Murphy slams a hand against the wall. "Just once I would like to have promising odds!"

"Seven-hundred miles Northwest," is Raven's response.

"I still think the bear traps work better," chimes the young voice. Madi's voice.

Bellamy tries to block it all out, forcing himself to think. To consider their only choices.

'Only choice.' Also an oxymoron, by the way.

He looks between the monitor, staring at the solitary blip blinking across the screen. He does a mental inventory of weapons, considering, for a moment, Monty's wrenches and screwdrivers.

Murphy was right; there are no promising odds.

"I mean, don't you wonder if we'll ever need to, you know, . . . save what we have? Just in case?"

"Six-hundred miles." Raven looks up at him, the worry in her eyes louder than anything else. "Bellamy, we're down to minutes. What do we do?"

What do we do?

What do we do?

Bellamy stares at the small, seemingly innocuous dot on the screen, watching it move with unblinking eyes and an anger that has him clenching his fists tight.

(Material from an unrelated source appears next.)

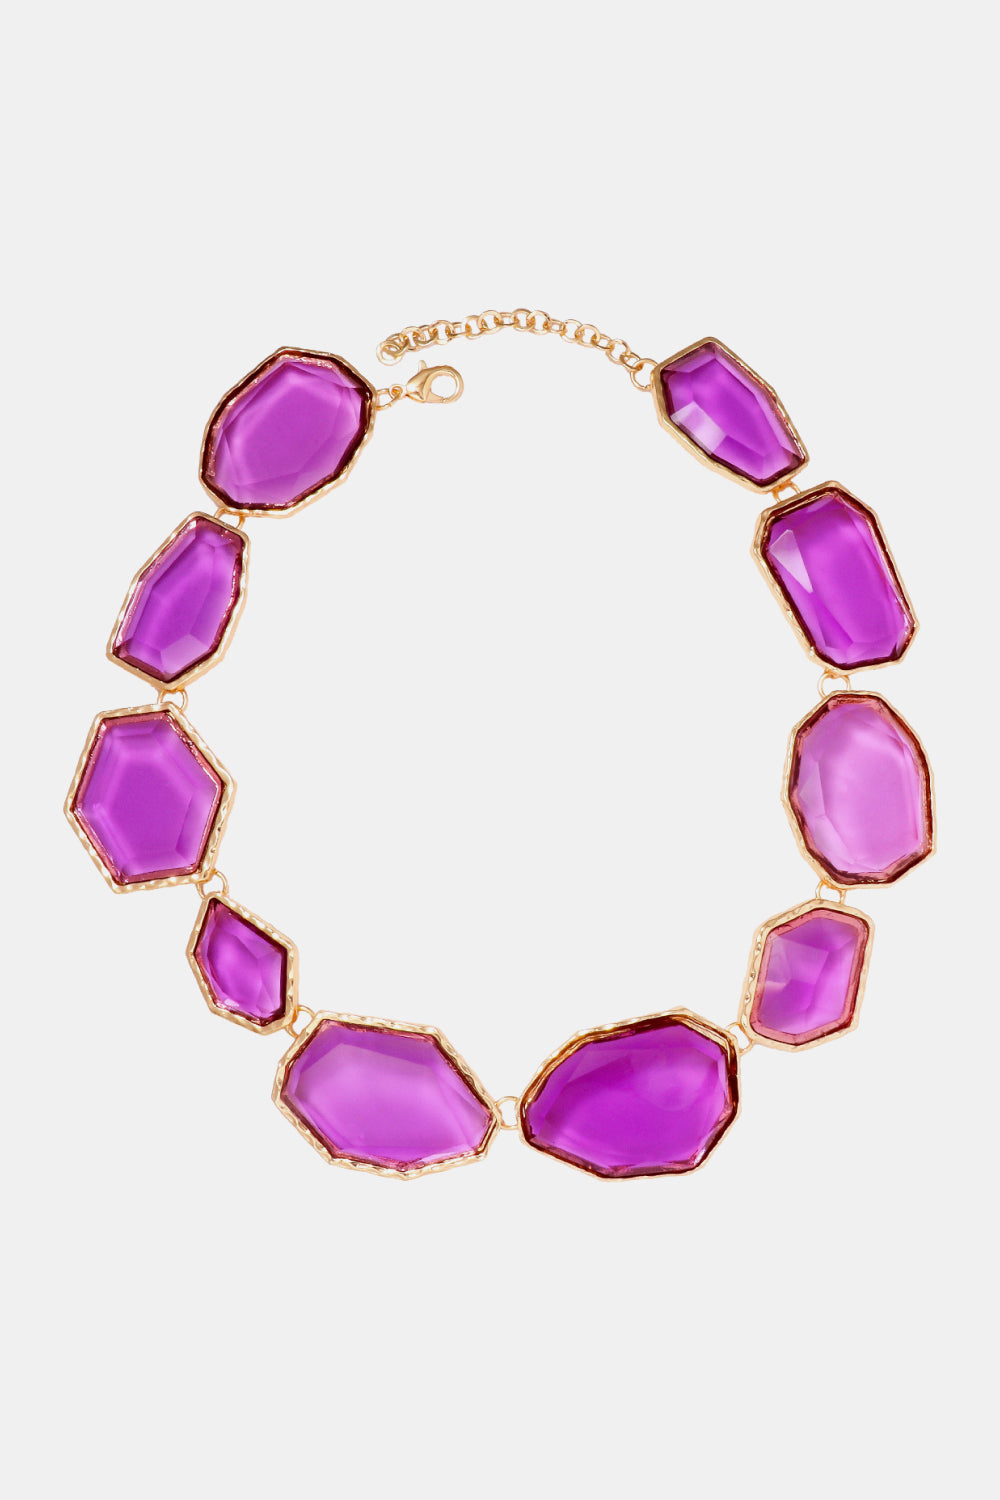 Trendsi Cupid Beauty Supplies Lavender / One Size Women Necklace Geometrical Shape Zinc Alloy Frame Resin Necklace
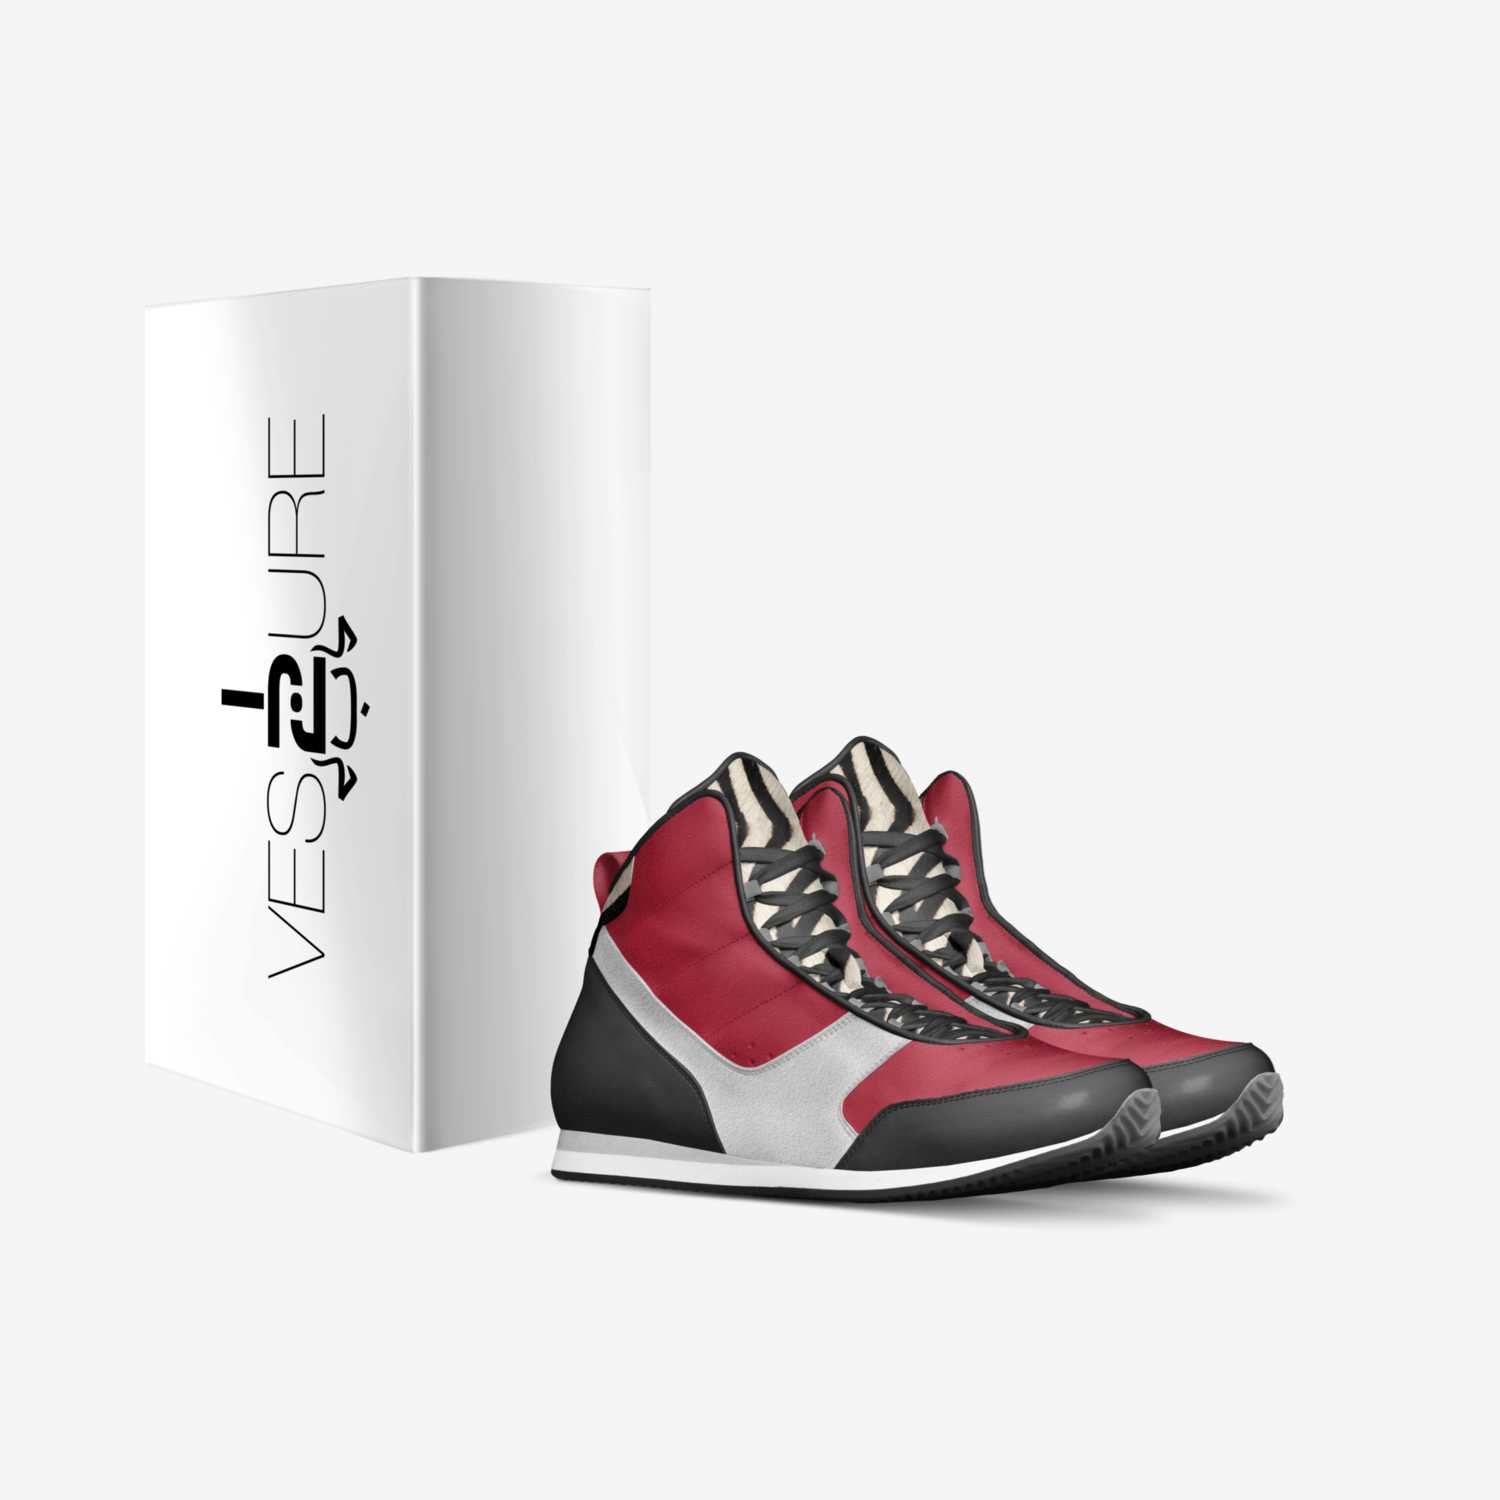 Ves2ure 7 custom made in Italy shoes by Jordan Warren Jr | Box view

His earlier thoughts repeat themselves. No, they haven't endured everything on the ground just to die in the stars. They haven't done all they did for it to end here.

Bellamy is not done.

None of them are.

"Three hundred miles," whispers Raven.

Bellamy raises his gaze to her, then to the others, searching for an answer he won't find. A solution that is not within their options.

Finally, his eyes settle on Monty's. Heart heavy as lead, Bellamy gives him a small nod, just as Clarke's voice spills over the comm, confident and at ease.

"There's no one left to fight anymore."